Но всё же помимо воли задремал.

… Он кричал во всю глотку, он бежал во всю прыть, а автобус всё быстрее и быстрее уезжал от него. Мальчишка бежал следом. Вопил. Молил подождать. Кричал, надрываясь, - и очнулся.

Подбородок Олежки  дёрнулся, с уголка рта стекала нитка слюны. Задремавший было, мальчишка увидел Шкуру. Она сидела на лавочке, рядом с ним, и наводила  кошачий марафет. «Заберу её с собой», - решил он, когда услышал шум машины.

«Надо маме позвонить или эсемеску послать, чтобы встретила. Не выйдет. Ах, чёртов старый телефон со слабой батареей… Или, в крайнем случае, у водителя помощи попрошу». Тарахтение усилилось. Шум колёс, прорезающих лужи и рокотание двигателя наполнили сердце мальчишки неописуемым счастьем. От облегчения ему захотелось буквально взлететь.

Олежка подхватил кошку и вышел из-под пластиковой будки, направляясь поближе к бордюру у проезжей части.

Фары приближающегося автобуса имели нездоровую желтизну. Но и этого света хватало, чтобы пробить тьму. Олежка крепче прижал кошку к груди, поправил лямку рюкзака - и бросился к автобусу, размахивая руками. Боялся: вдруг кошмар сбудется – водитель снова проедет мимо, не остановившись.

Маленький жёлтый автобус походил на заказной, в котором проезд гораздо дороже обычного, почти как в маршрутке. Сквозь цветастые шторки на окнах трудно было понять, есть ли кто-то внутри, но по контурам теней Олежка различил: автобус не пустой.

Передняя дверь открылась.
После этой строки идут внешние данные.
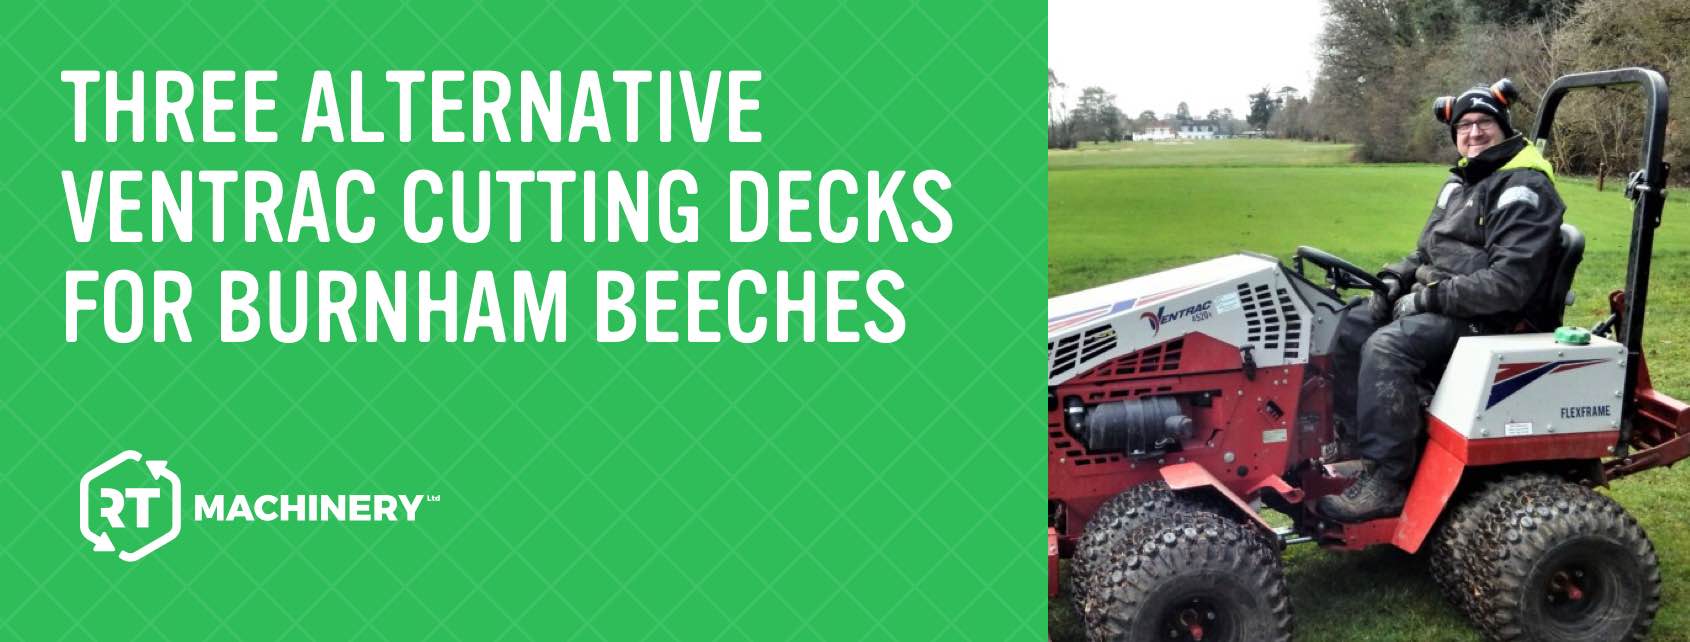 Three Alternative Ventrac Cutting Decks for Burnham Beeches
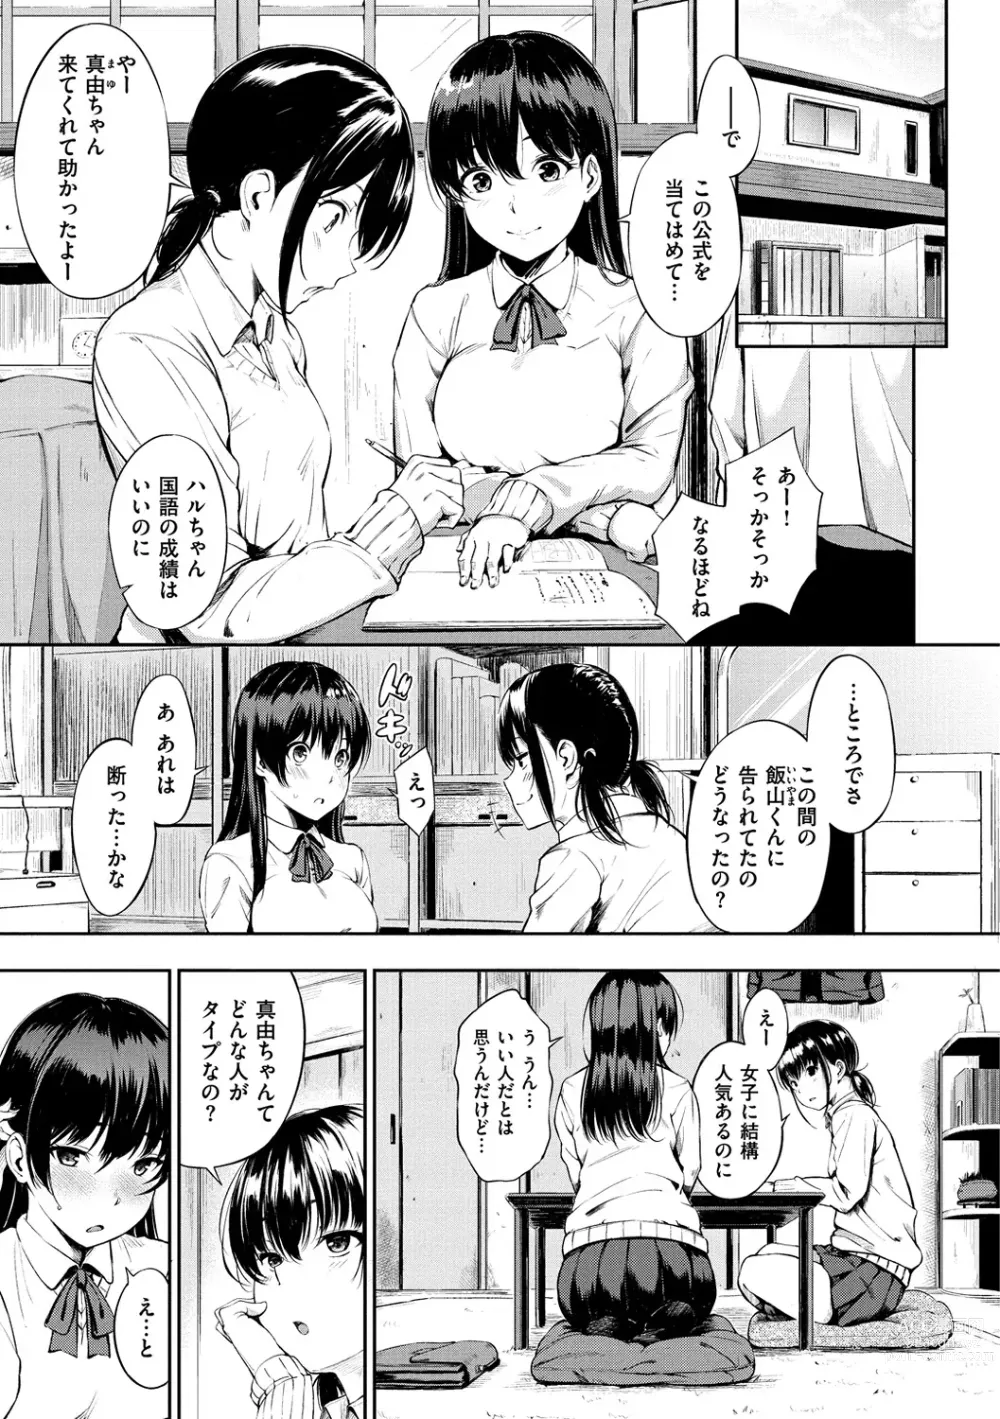 Page 12 of manga Oyatsu no Jikan + 8P Leaflet

Он сделал шаг на ступеньку, схватившись за поручень. Водитель был в кепке и выглядел болезненно тощим, как жердь. Позади водителя, в первом ряду, всё двухместное кресло занимала толстая женщина в жилете кондуктора. Её лицо было скрыто вьющимися волосами цвета ржавчины, а полные руки держали на коленях сумку. Водитель что-то спросил. Что-то про маленьких мальчиков, в такое позднее время находящихся далеко от дома.

Кошка фыркнула, принюхалась и, зашипев, стремительно попыталась вырваться из рук Олежки. Дверь резко захлопнулась. Олежка закричал. Рука кондукторши буквально выстрелила вперед, удлиняясь на глазах, как пожарный шланг, наполненный водой. Синюшные пальцы схватили кошку за голову, сжали её до хруста и потащили прямиком в пасть, из которой навстречу выстрелили мокрые жгутики.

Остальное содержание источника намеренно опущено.